Fort Boreman Park cabin move in limbo
PARKERSBURG –The county may not be able to move the cabin at the entrance of Fort Boreman Park to a new location as originally planned.
Wood County Commission reported Monday an engineer who specializes in moving structures has looked at the estimated 25-foot by 20-foot cabin and determined it could not be moved easily due to structural issues. The commission wants to move the cabin to open up room for a new picnic shelter at the park.
”Our engineer says it is too risky to move that cabin,” County Administrator Marty Seufer said. ”If we try to move it, it would collapse.”
The issues revolve around the bottom two rows of the log structure, officials said.
The commission wanted to move the cabin, which sits off to the right side just inside the park’s gate, across the road to make room for a new 16-foot by 24-foot picnic shelter where the cabin currently stands.
Commissioners said the spot in the park where the cabin is best suited would have more green space to be utilized. Officials said playground equipment could eventually be brought in and placed near the new shelter to make it more appealing for family use.
One proposed plan would have put the shelter behind the cabin which the commission may be considering again, officials said.
The commission’s original picnic shelter proposal includes the installation of a 16-foot by 24-foot park shelter kit, which will be purchased by the commission using grant funds. The kit does not include metal roofing; the contractor will purchase and install synthetic underlayment, 29-gauge 40-year warranty green metal roofing, corner trim and drip edge. A concrete pad for the shelter will be constructed.
A sidewalk that ends right before the cabin can be extended and ADA access put in more easily there than on the other side of the road, officials said. Handicapped parking spaces would be marked off nearby.
Carlin’s Battery D uses the cabin as its headquarters and has held events there, including its annual Christmas at the Cabin celebration and to commemorate West Virginia Day. Area amateur radio operators do a national field day operation from the cabin every summer.
The cabin was donated to the members of the Civil War re-enactment group from a site on New England Ridge Road. They reassembled the cabin at the park around 10 years ago. The group’s leadership said they wanted to keep their headquarters there and continue to use the cabin as an example of what Civil War soldiers might have lived in at that time.
Commissioners discussed the possibility of having the cabin taken apart and reassembled across the road to strengthen the structure.
Seufer said the commission is considering the option of leaving the cabin where it is and putting the shelter behind it. The shelter project has not yet been put out to bid, he said.
In other business, the commission appointed and swore in local surveyor Charles Hughes to the position of county surveyor to fill out the remaining term of former surveyor Kim Marshall, who resigned recently as he was moving out of the area.
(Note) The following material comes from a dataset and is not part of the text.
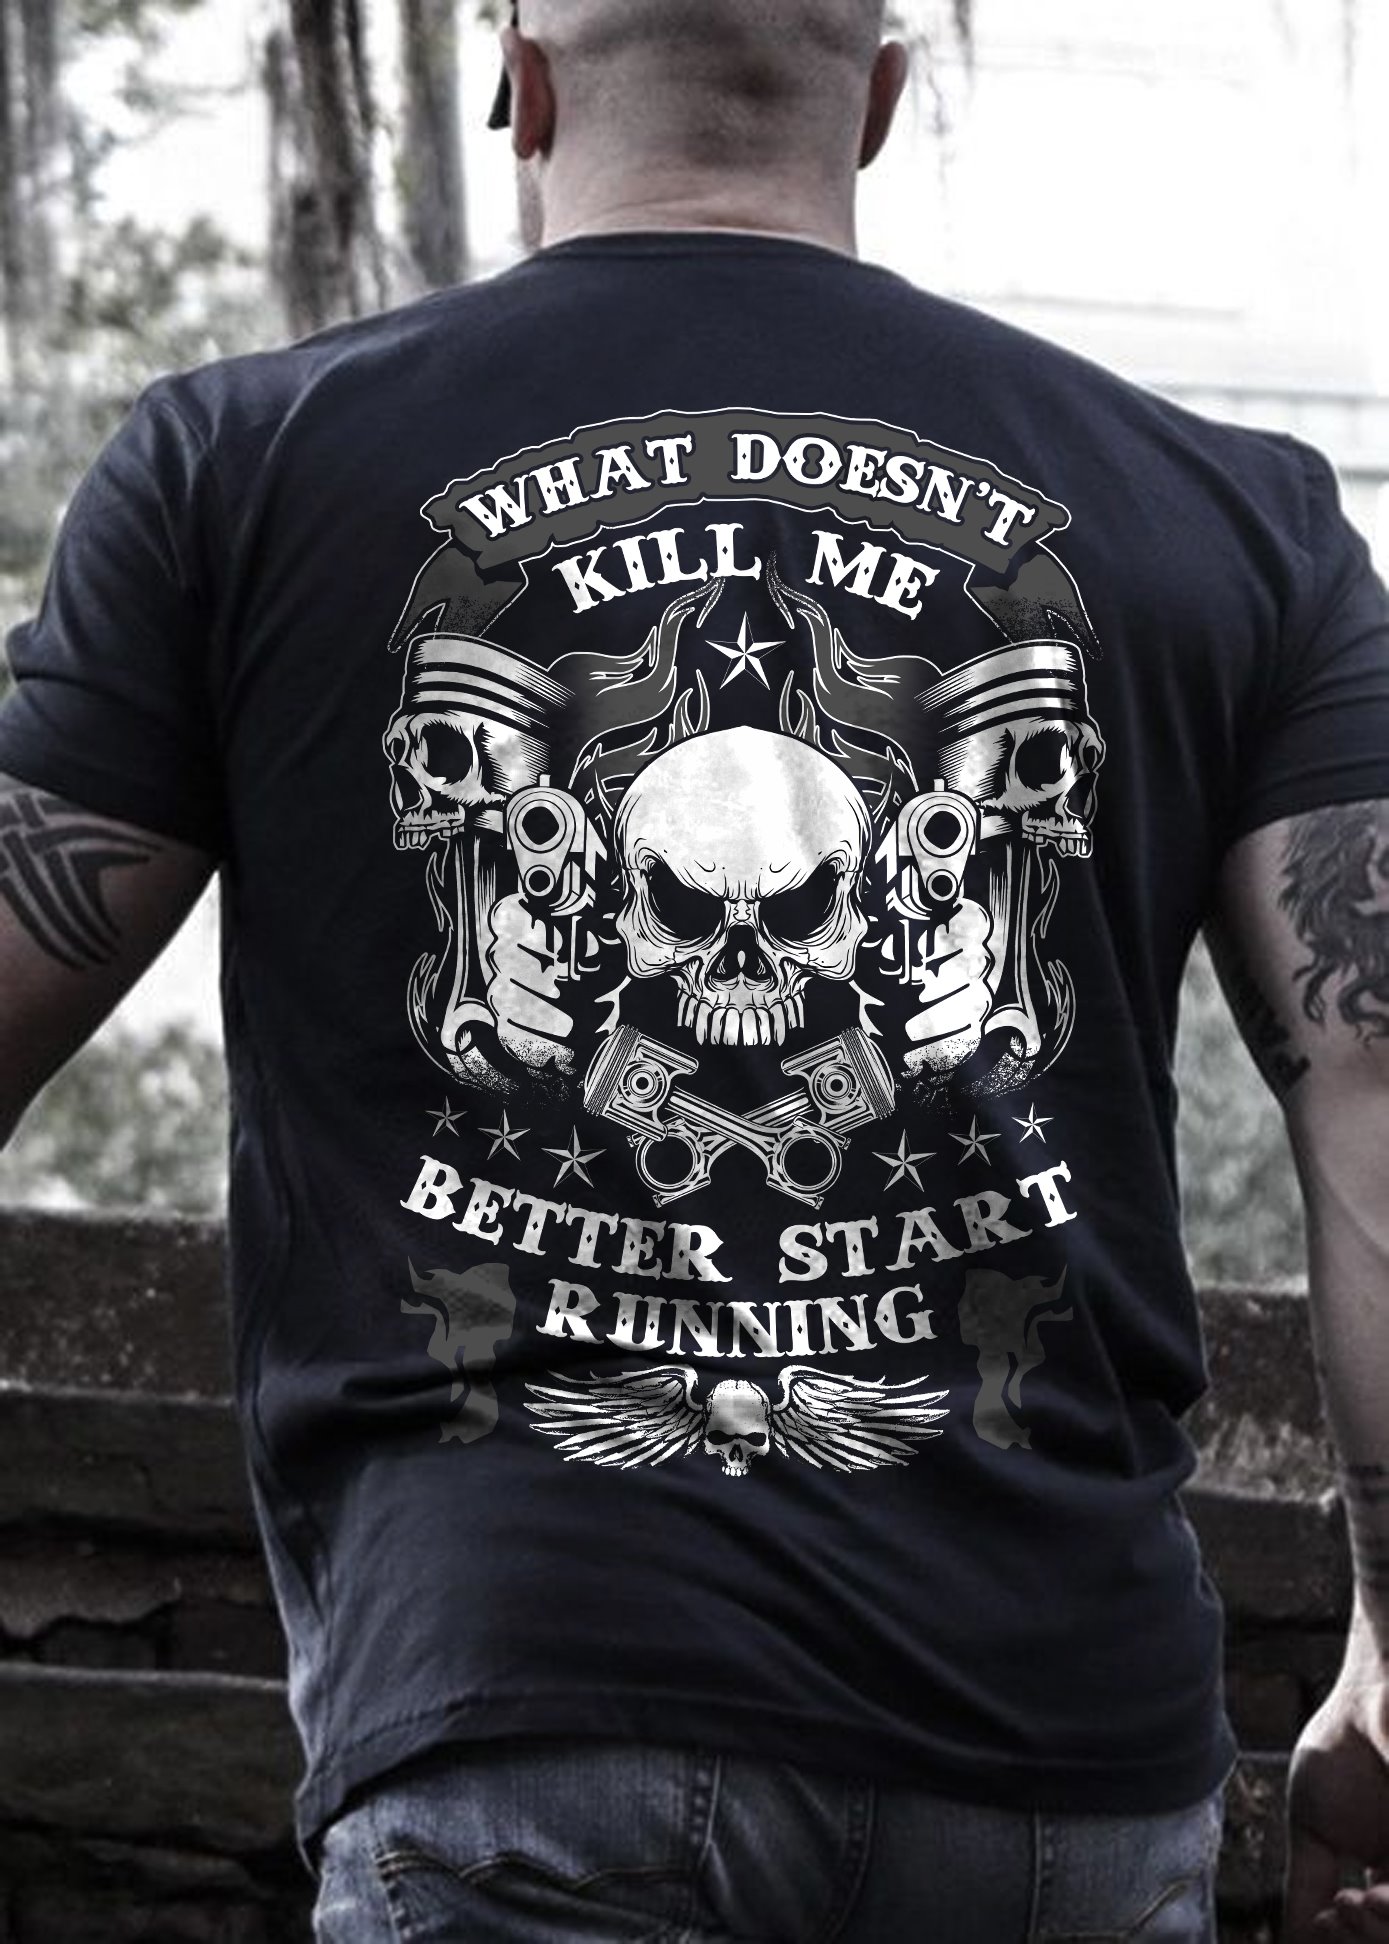 What doesn't kill me better start running - Evil skullcap and guns
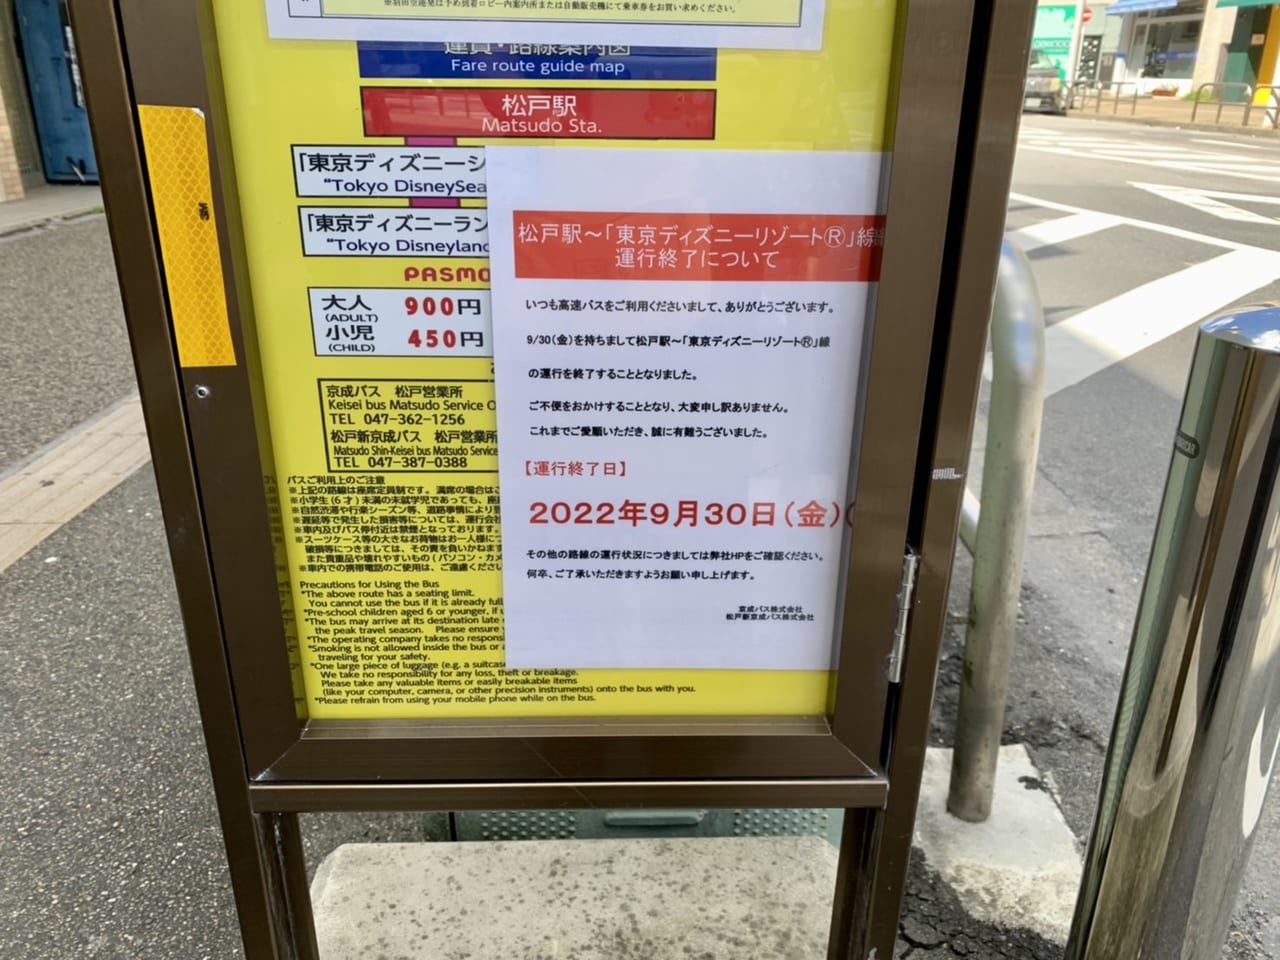 松戸市 高速バス 松戸駅 東京ディズニーリゾート 線は 9月30日 金 をもって運行終了となります 号外net 松戸市

Hughes appeared before the commission on Monday. He has been a licensed surveyor in West Virginia since 1989 and has worked for various companies. He set up his own surveying business locally in 2003.
The position does not pay anything and has no defined duties, officials said. State law requires the county has someone in the position and provides an office.
Officials have said they would pay the surveyor his regular rate for work the county requests.
Because Marshall was a Republican, his replacement would have to be of the same party which Hughes is.
Hughes can seek election to the position in 2020. The current term ends Dec. 31, 2020.